Whereas terrestrial plants provide photosynthetic activity on land, in the oceans photosynthesis is performed by microscopic unicellular organisms known as phytoplankton. Dominating this community, diatoms (comprising thousands of marine species) are at the origin of the food chain in these environments. They capture and sequester atmospheric CO2 in the depths, and provide about 20% of the planetary photosynthesis. How were diatoms able to reach this level and dominate the phytoplankton community?
As part of an international collaboration (including Belgium, France, the USA and Italy), a French team involving the CEA-IRTSV, CNRS, INRA, INSERM, the Ecole Normale Supérieure, the universities of Joseph Fourier, Paris-Sud, and Pierre et Marie Curie, and the Fermentalg company has decrypted the characteristics of the photosynthetic process in diatoms at the molecular level.

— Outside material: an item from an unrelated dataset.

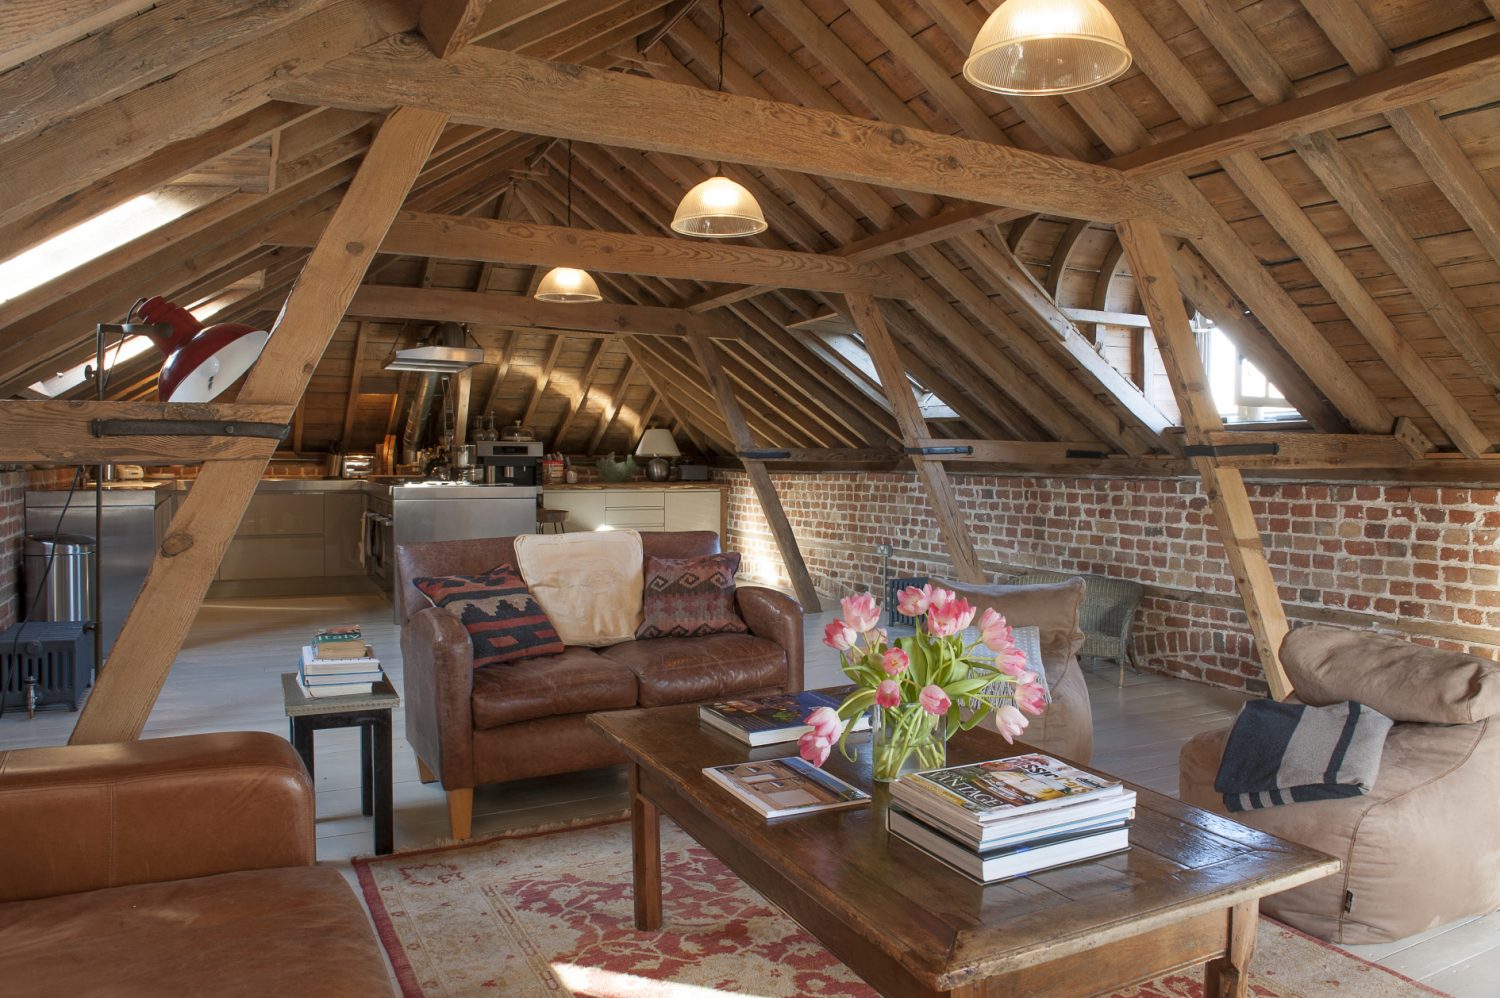 The spectacular space that was once the hay loft boasts superb 230-year-old timbers, every inch now sandblasted and lovingly waxed by hand to a honeyed glow. The only part of the building the couple were unable to save were the floorboards that have now been replaced with irregular-sized painted boards

Decrypting the photosynthetic mechanism of diatoms
The fixation of CO2 by photosynthesis requires the production of energy (ATP molecules) and reducing power (NADPH molecules) in the chloroplast, and in well-defined proportions. In diatoms, the molecular mechanisms that work to manage the ATP/NADPH ratio occur through ongoing exchanges between the chloroplast and the mitochondrion (the cellular compartment dedicated to respiration). This process, which helps to optimize photosynthesis, has certainly contributed to the ecological success of diatoms in the world's oceans.
The discovery of this coupling mechanism between photosynthesis and respiration in diatoms makes it possible to imagine unprecedented biotechnological applications, such as increasing the production of biomass to produce molecules of interest, by acting on the simultaneous use of light (for photosynthesis) and carbon sources (for respiration).